It is estimated that we spend one-third of our lives at work. The relationships we form there are important to the product we deliver and for our interpersonal needs for relatedness. We all derive many needs from the workplace that have nothing to do with our pay. Some employees refer to their coworkers as their "work families." When these important relationships are amiss, everything suffers including productivity, our enthusiasm for our work, and our overall happiness.

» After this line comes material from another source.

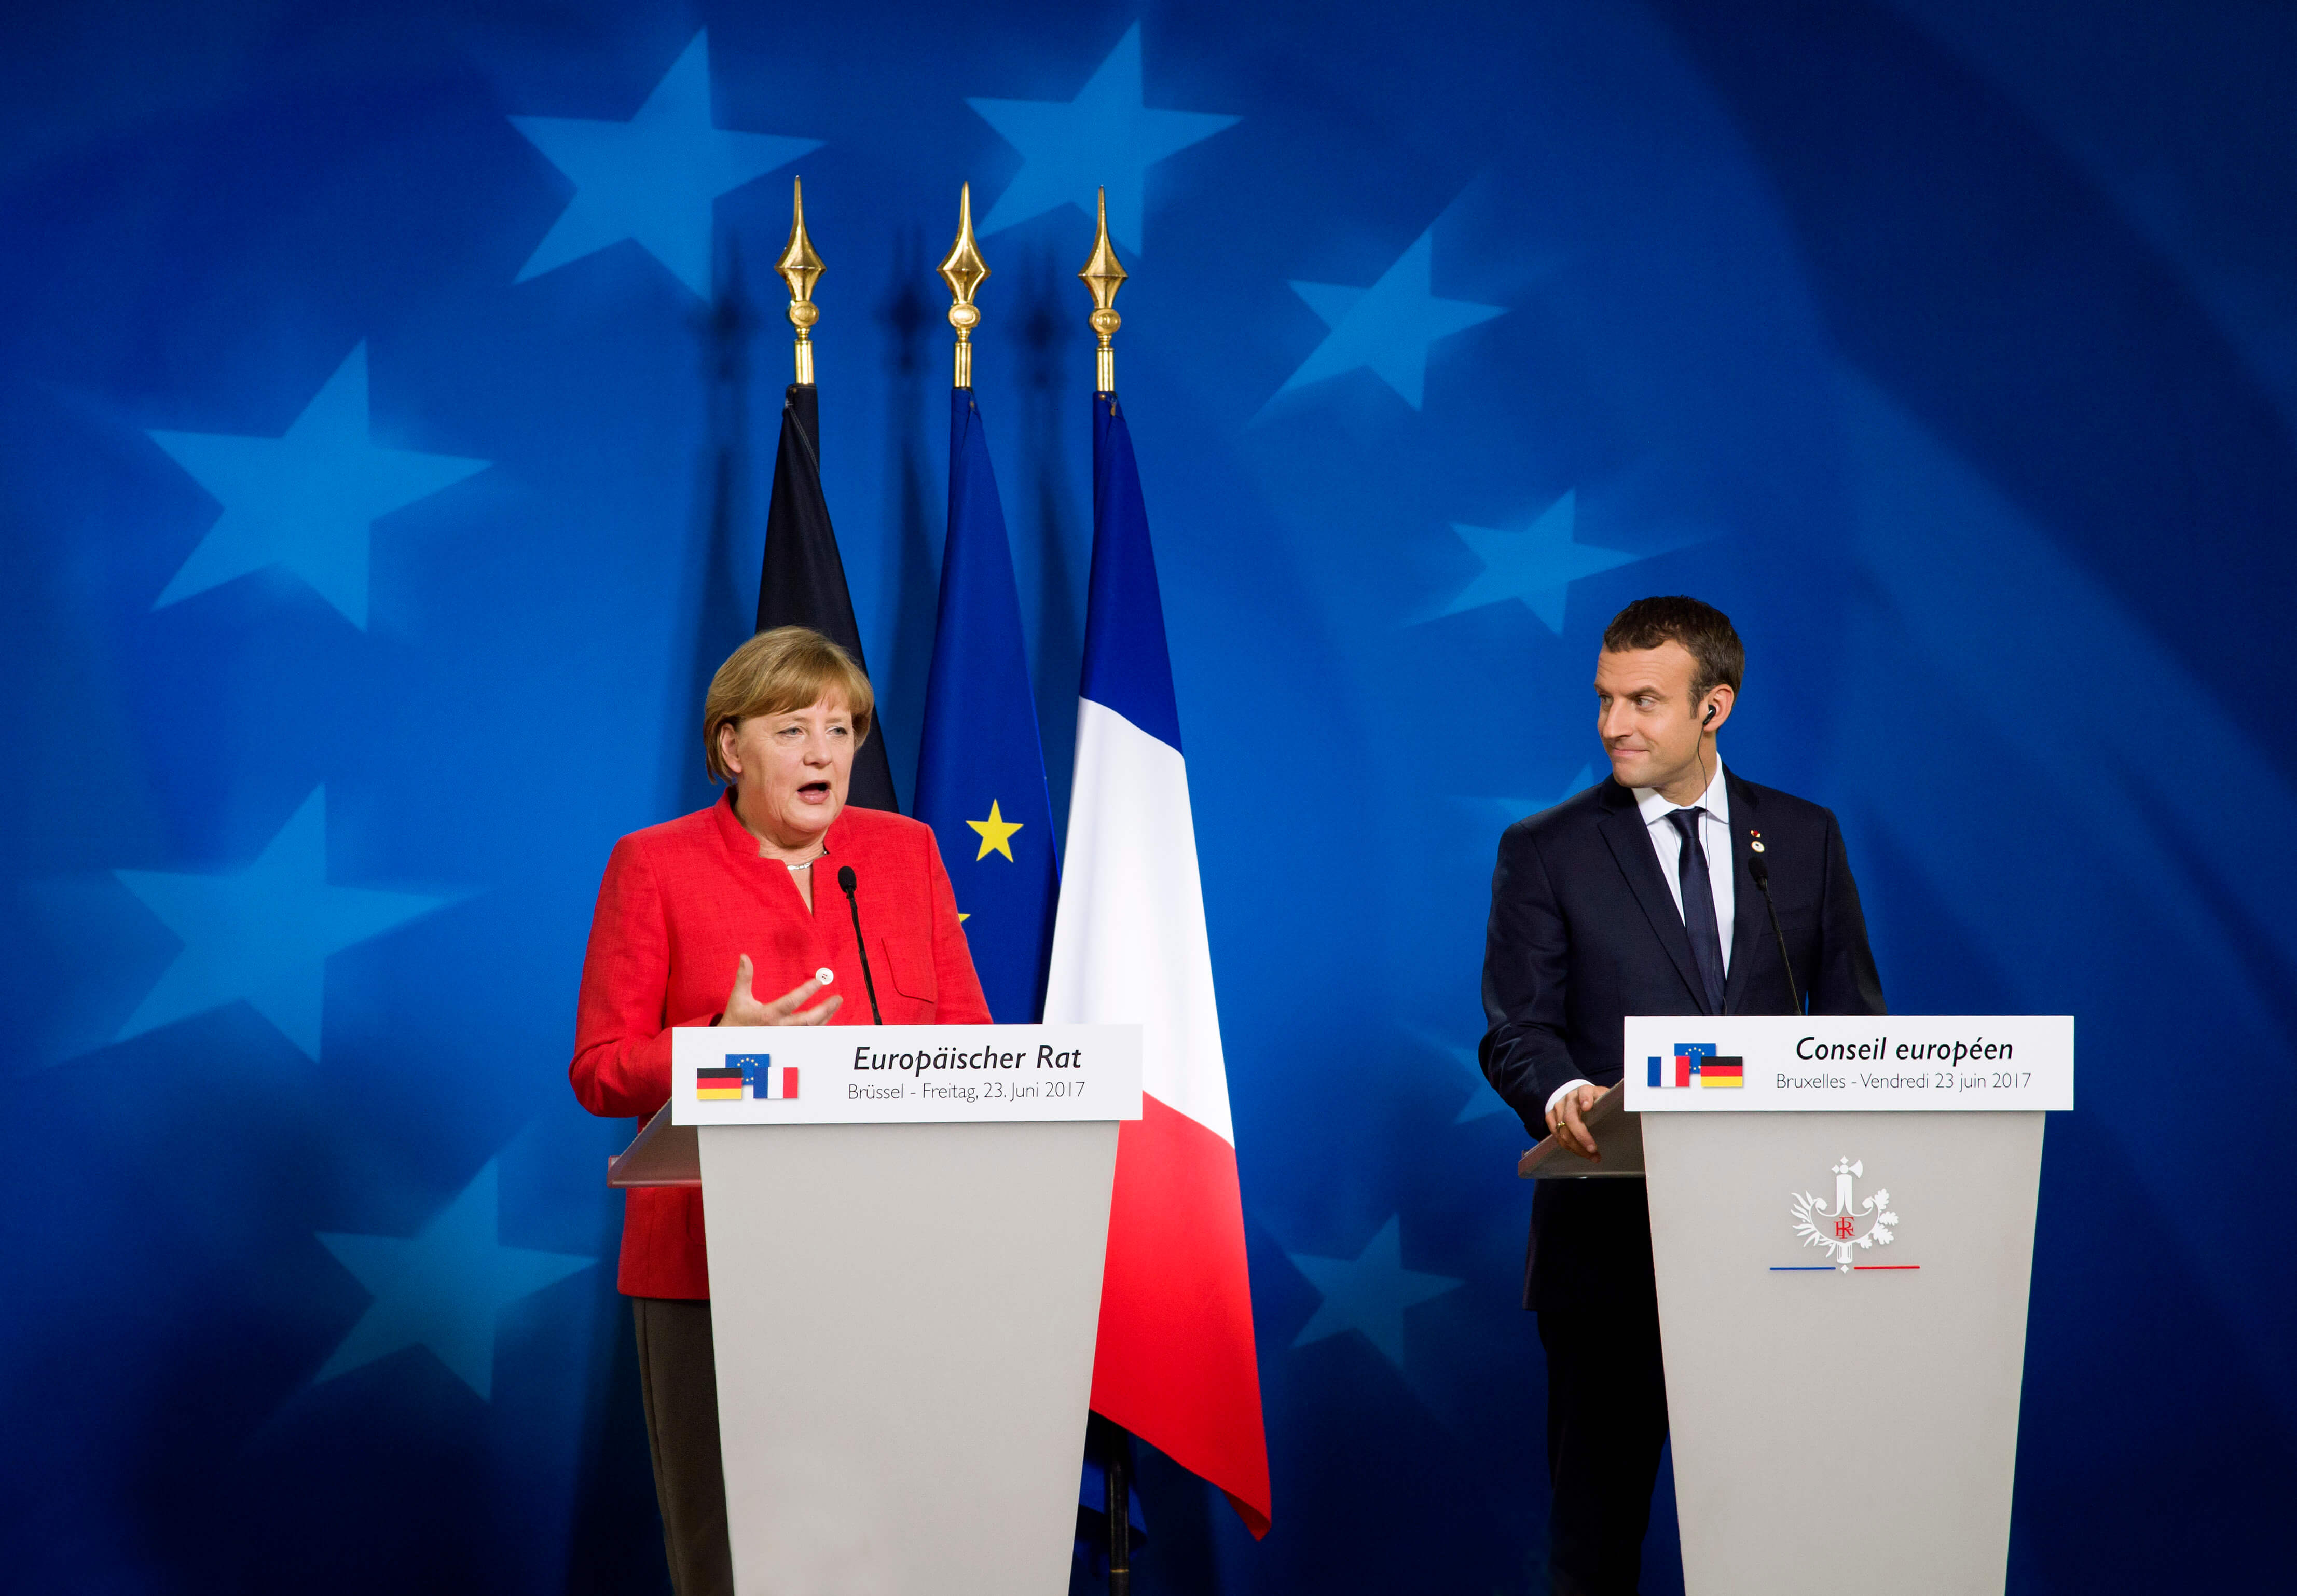 Ook nu kent de Europese Unie met Duitsland en Frankrijk een machtig duo dat lijkt in te zetten op verdere integratie. Bron: European Council

Knowing how to navigate the workplace with its many variables can be tricky at times. There is no rulebook for knowing how to respond to all situations that occur at work. PAS offers employees and managers a safe, confidential place to discuss workplace concerns or challenges.
To schedule an appointment call 919-416-1727. Out-of-state employees should call 800-327-2251.
Conflict at Work
Conflict in the workplace is inevitable and not entirely within our control, but how we respond to it is. Conflict that reaches excessive levels can fracture working relationships, creating an environment that is unpleasant and ineffective. How to handle conflict can depend on several factors: who is involved in the conflict, the content of the issue, and the goals of the people involved.
Grief in the Workplace
Grief is a natural, normal response to loss. Although grieving is a normal reaction, at times grief can feel enormously painful, overwhelming, and exhausting. Beginning to understand your grieving experience and taking gradual steps to address your pain and loss can be important and integral components of recovering from your grief.
Suicide in the Workplace
Many people have thoughts of suicide at some time in their life. Often times these thoughts are just thoughts, not intentions, and can be viewed as a symptom that something is wrong, not cause for immediate alarm. If you are not sure if they are just thoughts, or if the person is really planning suicide, ask.
Violence in the Workplace
Violence connected to the workplace takes many forms. Dangerous or threatening behavior may come from a coworker, student, patient, a family member involved in an abusive relationship, or someone who has no business relationship with the workplace. Events of workplace violence may include threats in person, by note, telephone, fax, email, or social media. A threat may be observed in a written or oral form, and/or in a gesture that could be interpreted by a reasonable person as conveying intent to cause physical harm to persons or property.